On a more positive note, we have managed to plot out and design this project well enough that I have confidence in what we're building. Though as we began development, we realized our initial milestones weren't accurate to the way development is going to have to go. It made more sense to construct the general framework for handling user input and the way the game responds to that input before building specific situations.

To that end, I can report the core behavior of an adventure game is present. We can handle player action, check it against developer written responses, and then use those responses to communicate the result of the player's actions. Though it remains untested at the moment, we are confident in it's basic functionality, and it's ability to support the game we're building.

CONT: I am working with Kurt Dail and Nick Carsello on an adventure game.

Nick and I started to come up with ideas about how to make the game before Kurt joined our team, soon after he joined, he offered a more efficient, fun, and simple way to build the adventure game. We, as a group, decided to go with his method. 

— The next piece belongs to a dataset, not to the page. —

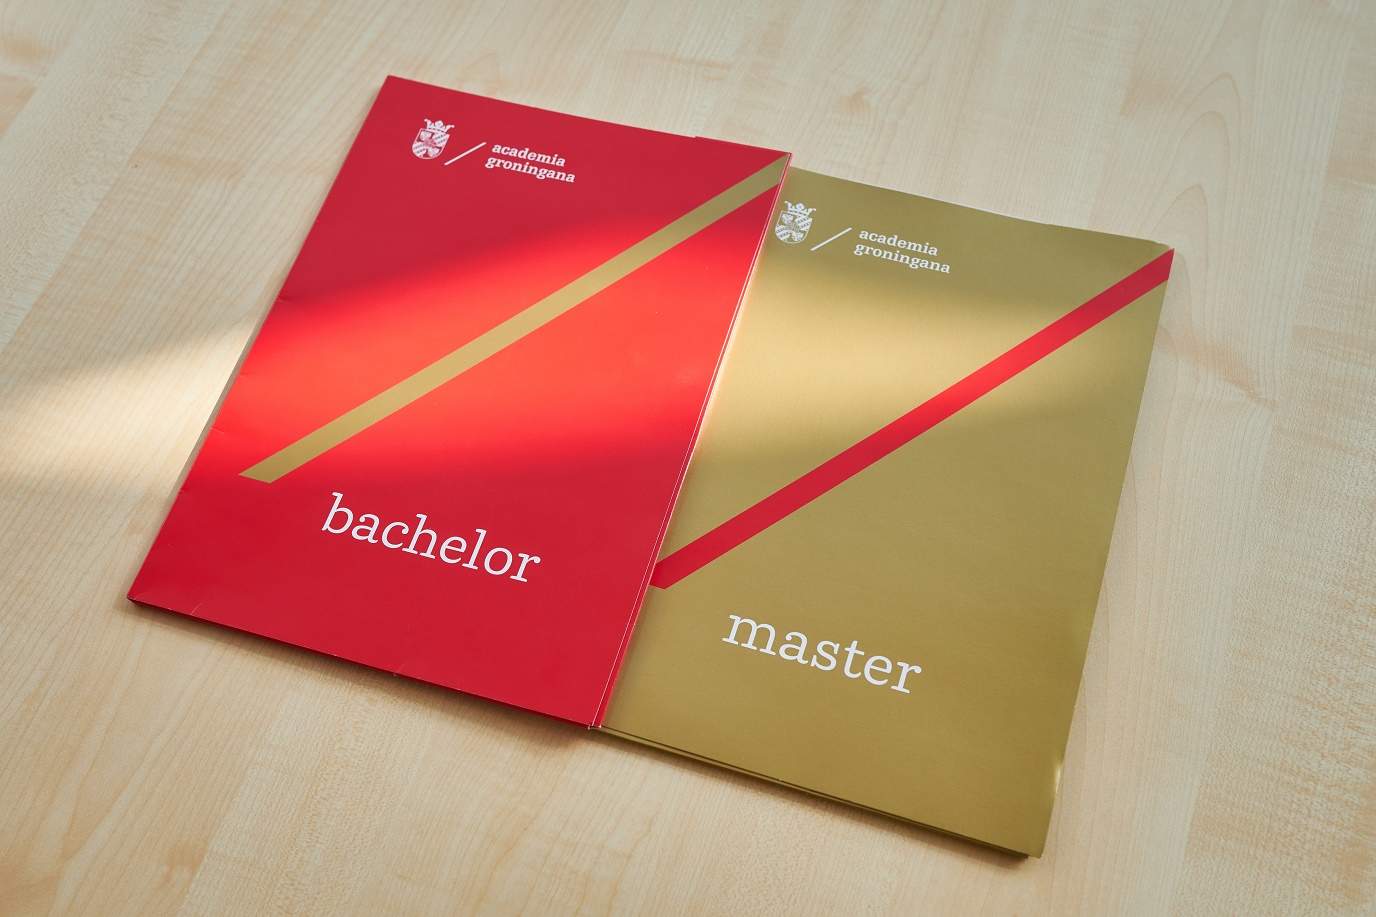 Master's degree programmes

File structure, architecture, organization of classes 90%: We have the skeleton of our project laid out pretty well. There has been no major trouble in this portion of the lab. There are still things to sort out, but nothing that will hold up back from submitting. 

Use of Data Structures 95%: We have implemented about 4 different data structures talked about in class, they all serve meaningful purpose in the lab. There has been no major trouble in their implementation, and a test suite has been set up so this can be verified, however, testing is not complete. As a milestone, I would place the testing at 50% complete. 

Documentation 100%: All code has documentation so that collaborators have an easier time understanding, intimately, what is going on. Also, whenever some major change has been made, there are comments documenting the changes so that no group member is left in the dark. 

Game Functionality, responses to change to roomstate 45%: We have the structure built and are confident that it will support our game but due to issues we have been having with gradle, time spent on this has been minimal. This week, once build problems are solved, work on this will be priority. 

As mentioned in my partners posts, there has been major issues with finding the root project and recognizing the main class. The project would build at one point, after changing the main class in the build.gradle file and running ./gradlew clean and deleting .class files. However, after going back and attempting to run again, build issues persisted. I do not expect this to delay final submission of the project. But, it has been difficult, because these issues were not planned for, based on them not appearing in labs. As that may be, everything can not always be expected to work, in the future time for "unforeseen issues" will always be present in an initial timeline.  These issues will be rectified by using resources like slack exchange and perusing the gradle documentation. If we cannot solve the issue this way, I plan to start from scratch(on the gradle + cloud nine side), by creating a new workspace, possibly.